** Task goal **
Pictures must not appear in the copy. Restate exactly the lines below from the one with "iPerGo: arrivano le" through the one with "Alexander gonzalez alexander", inclusive.

** Record excerpts **
((

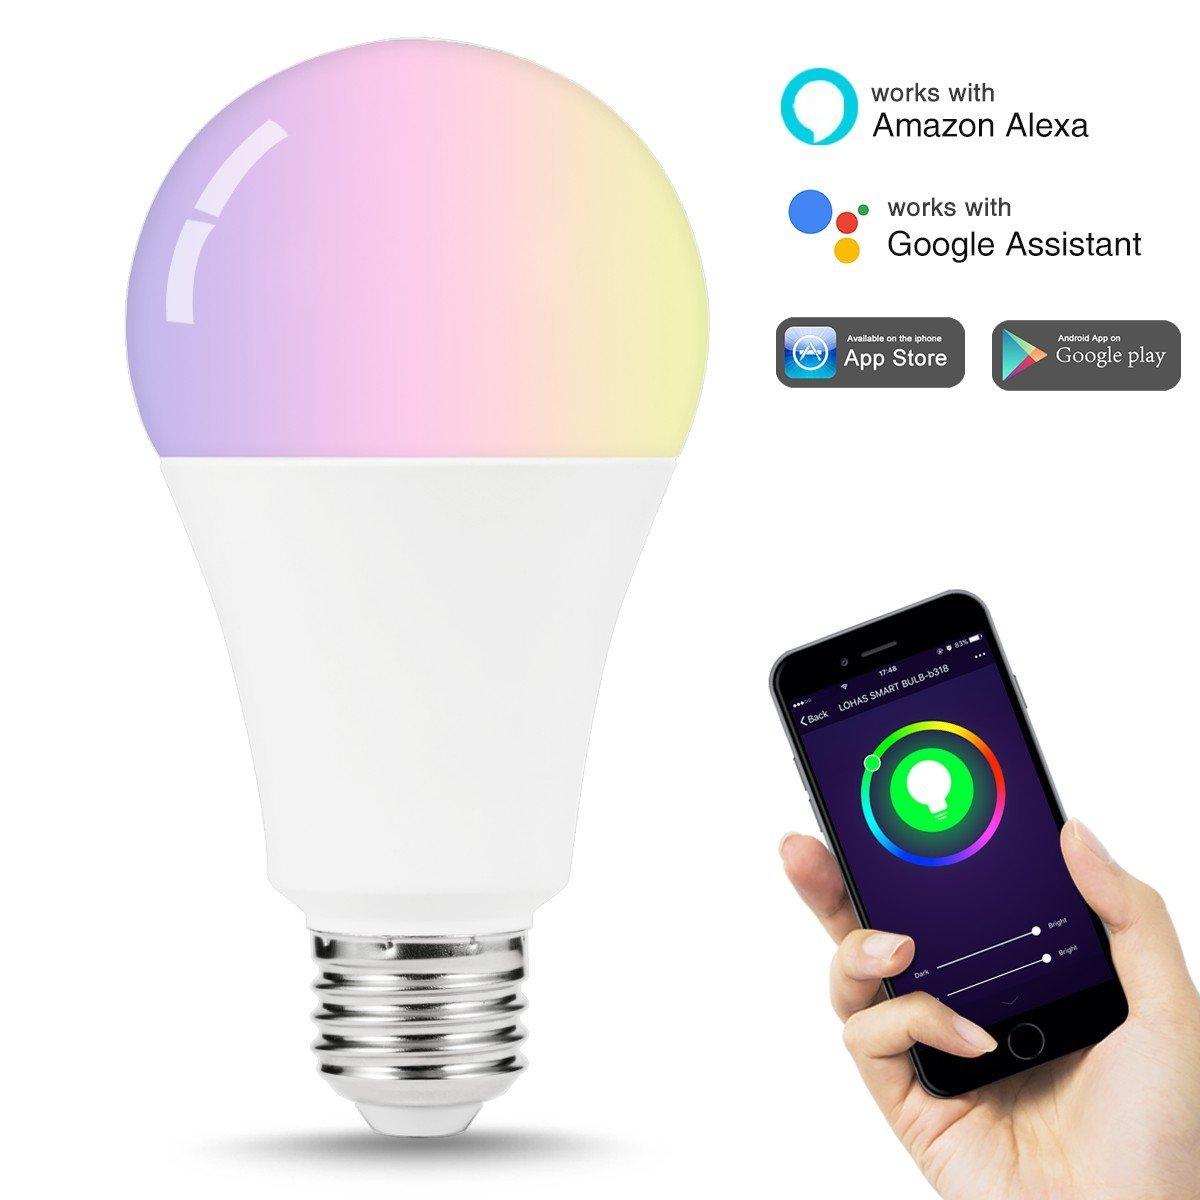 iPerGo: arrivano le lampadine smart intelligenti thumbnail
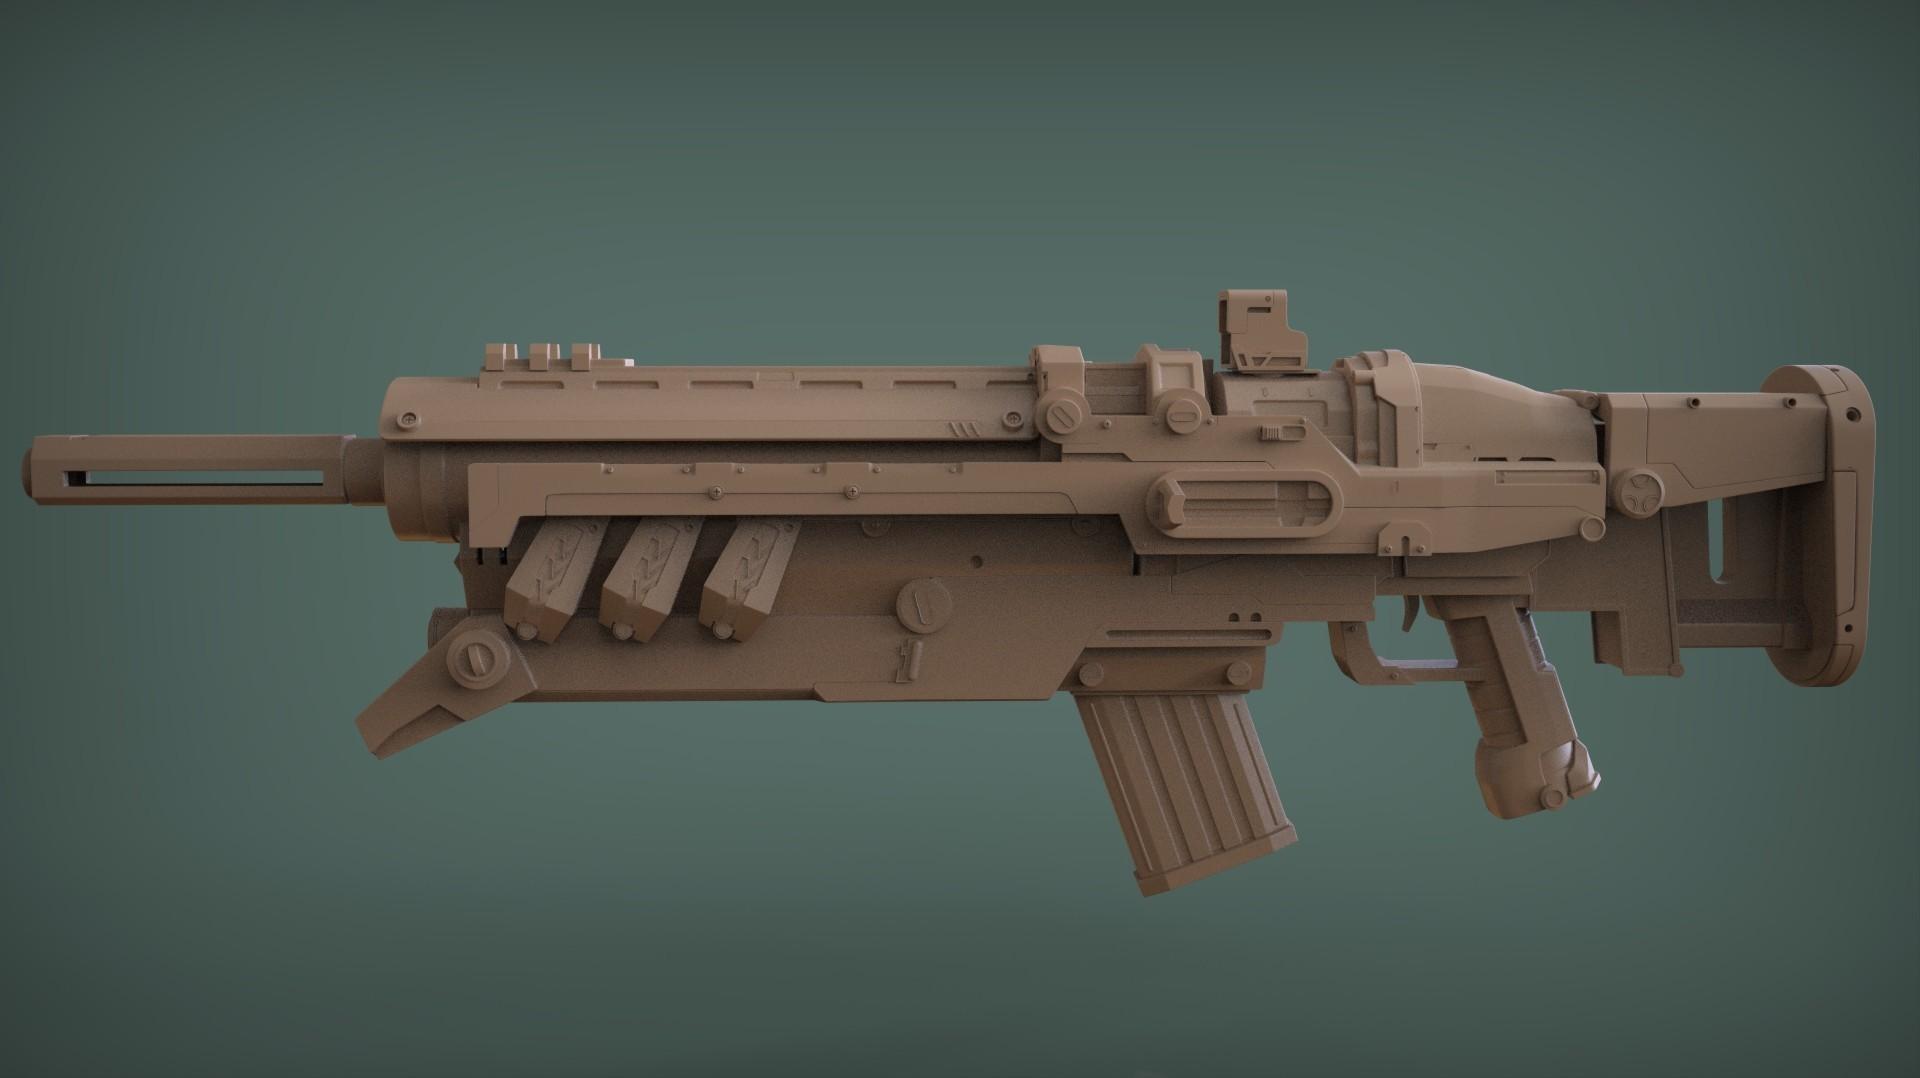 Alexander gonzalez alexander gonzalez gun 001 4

))
((

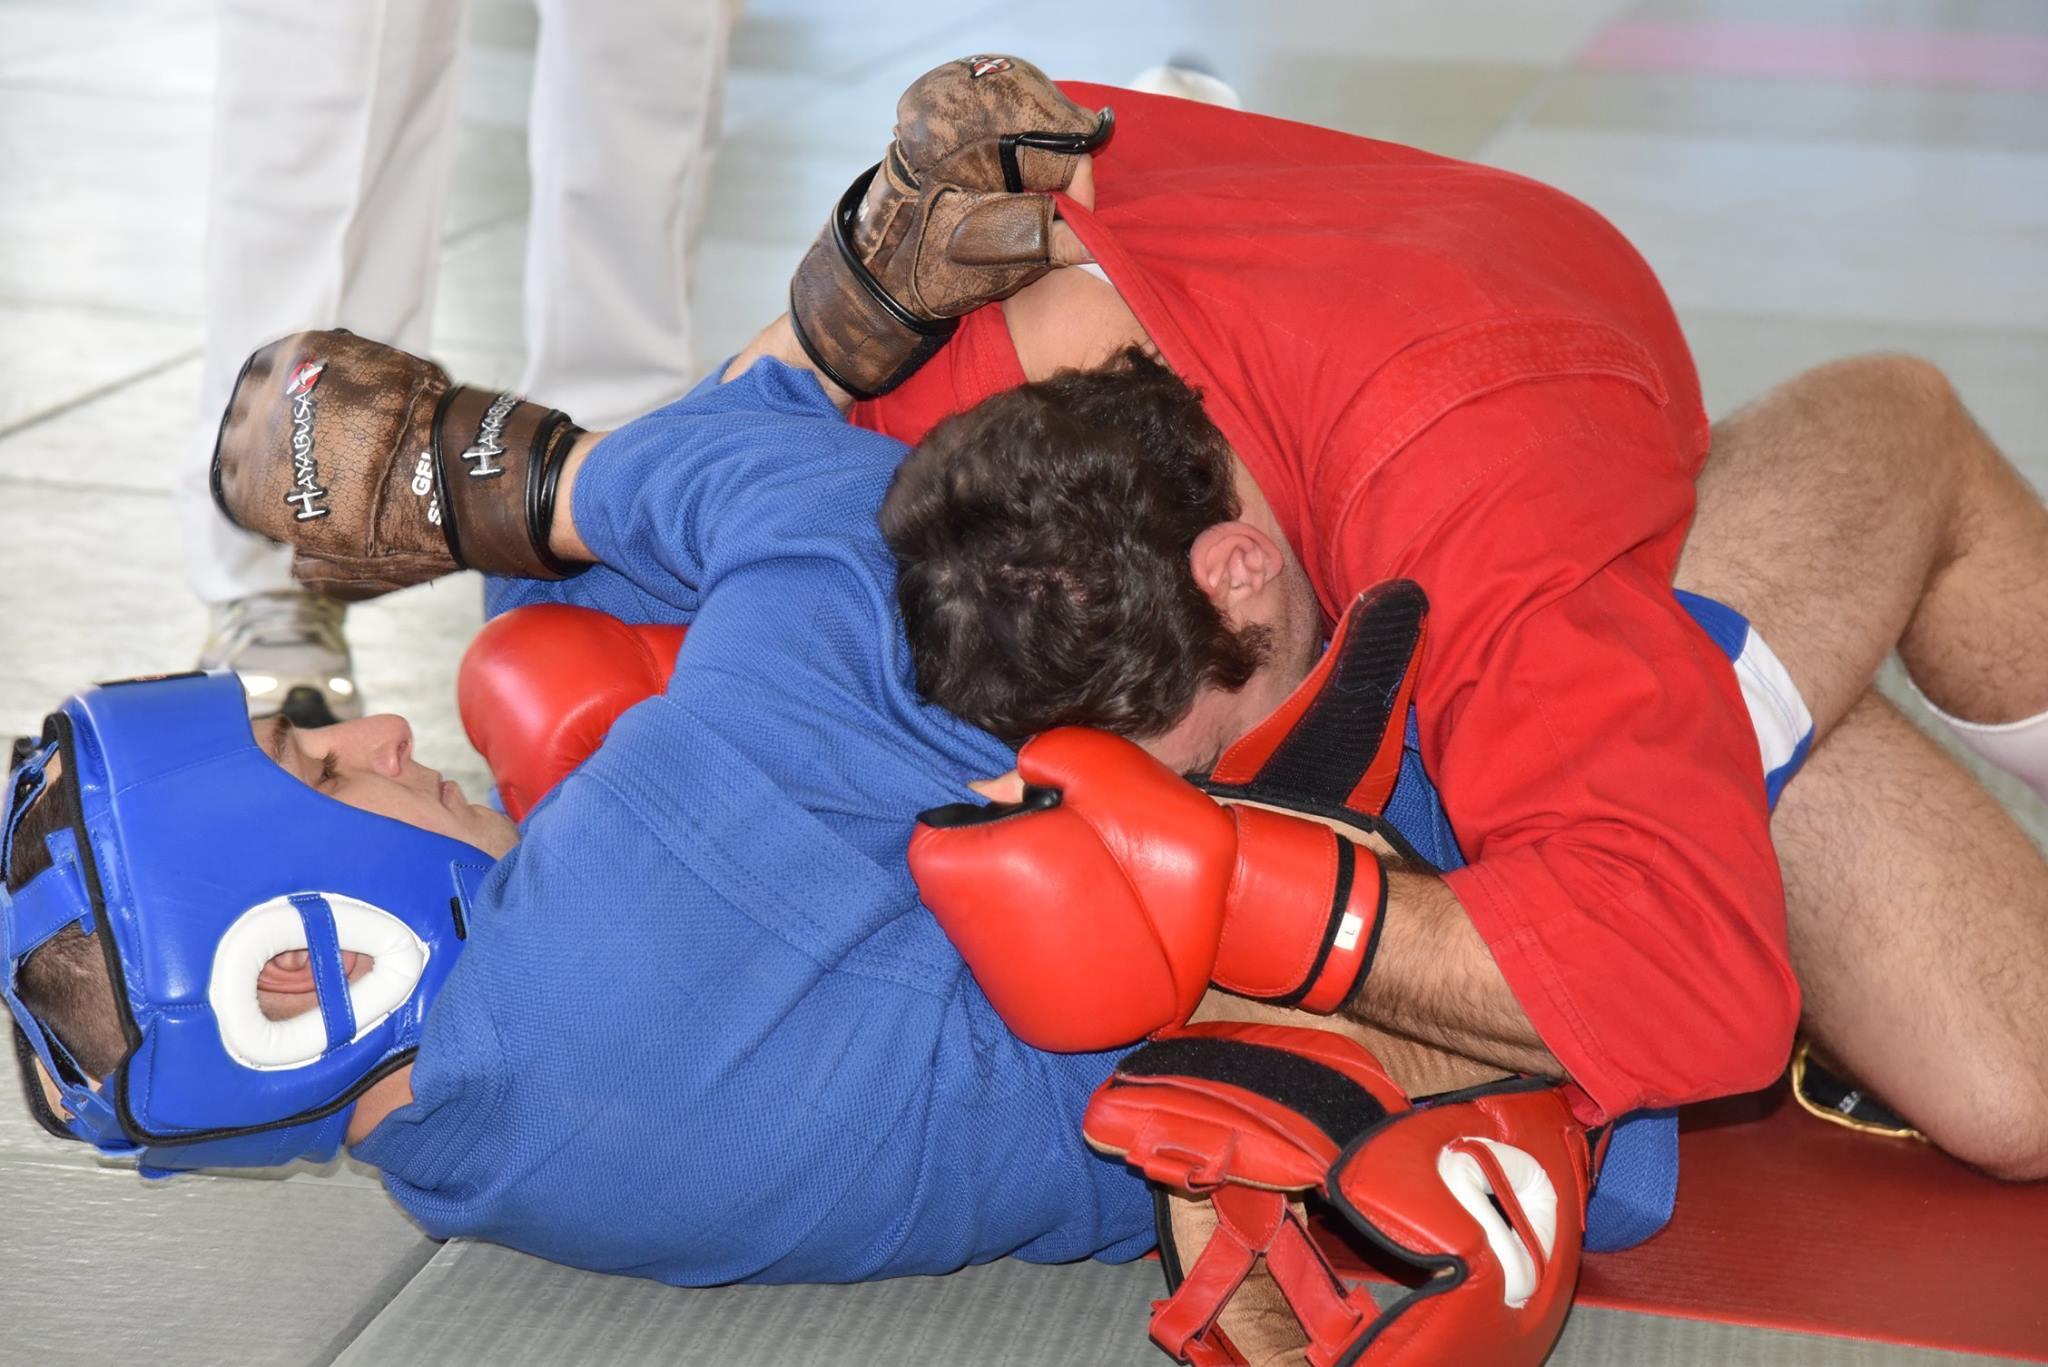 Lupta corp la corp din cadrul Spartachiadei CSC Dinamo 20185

))
((

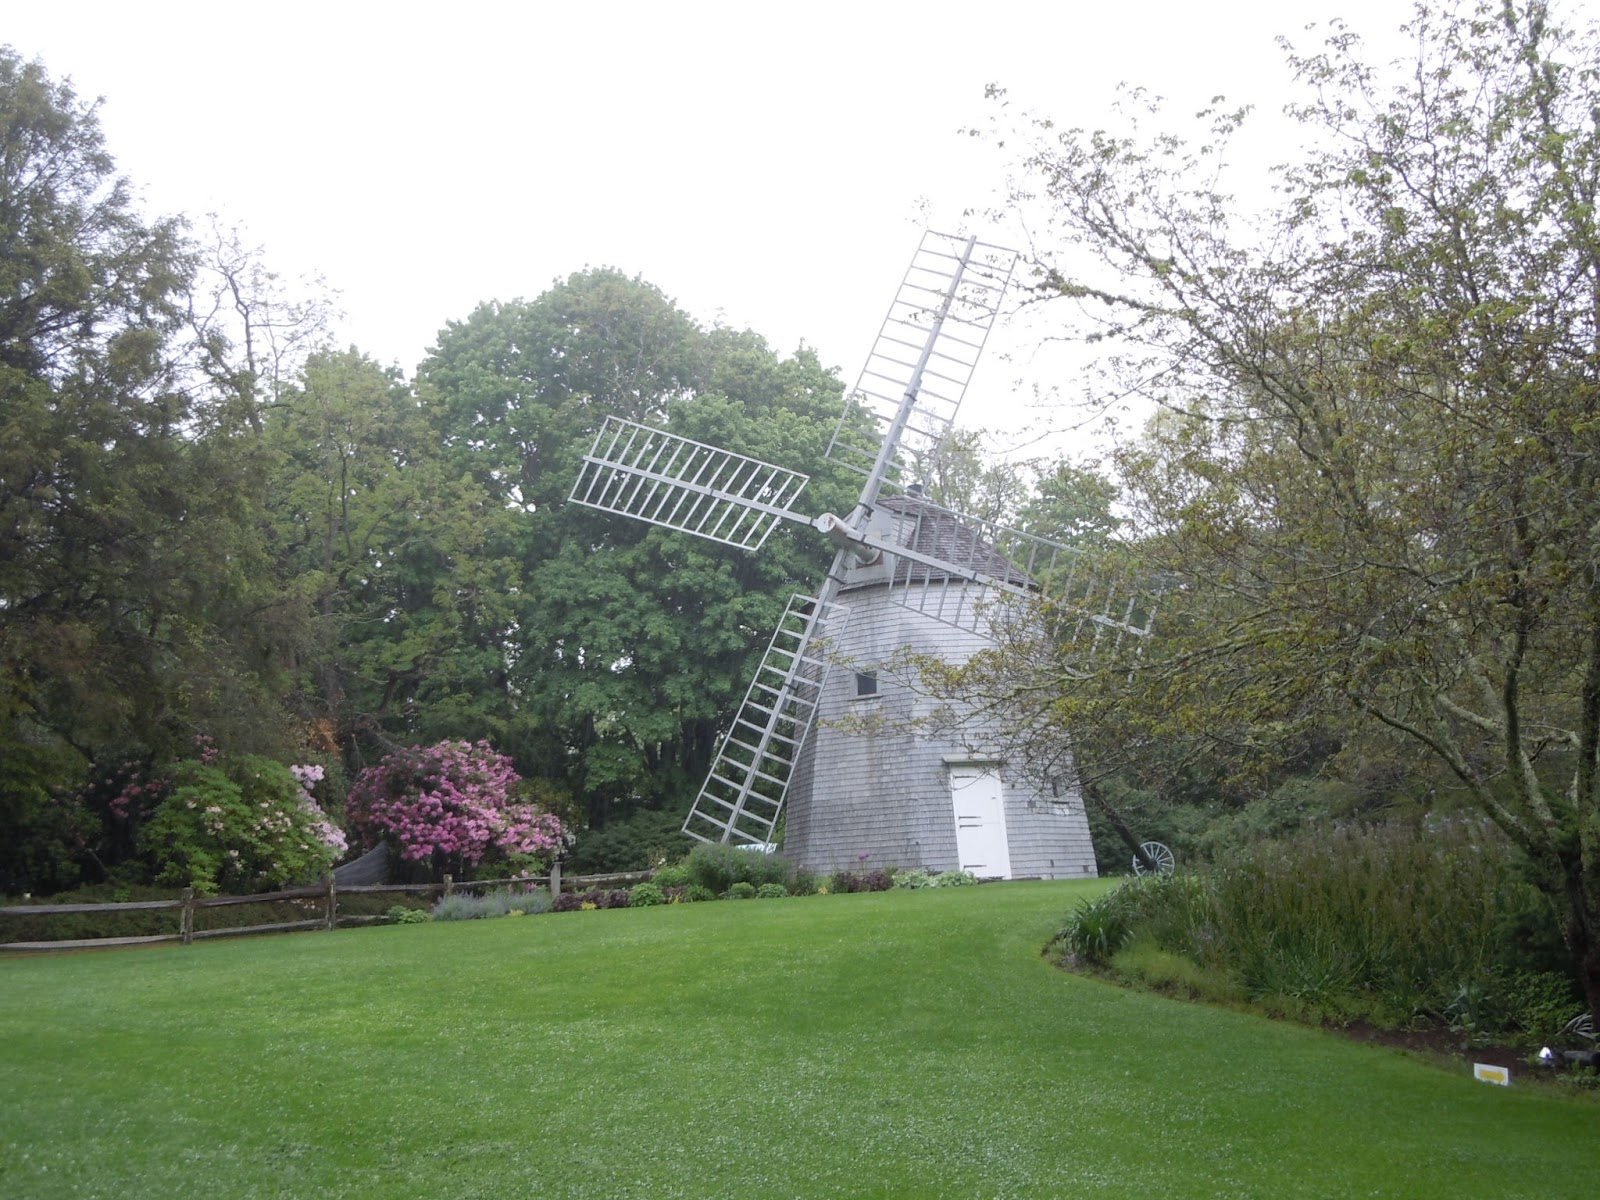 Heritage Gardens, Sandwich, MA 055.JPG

))

** Task result **
 iPerGo: arrivano le lampadine smart intelligenti thumbnail
 Alexander gonzalez alexander gonzalez gun 001 4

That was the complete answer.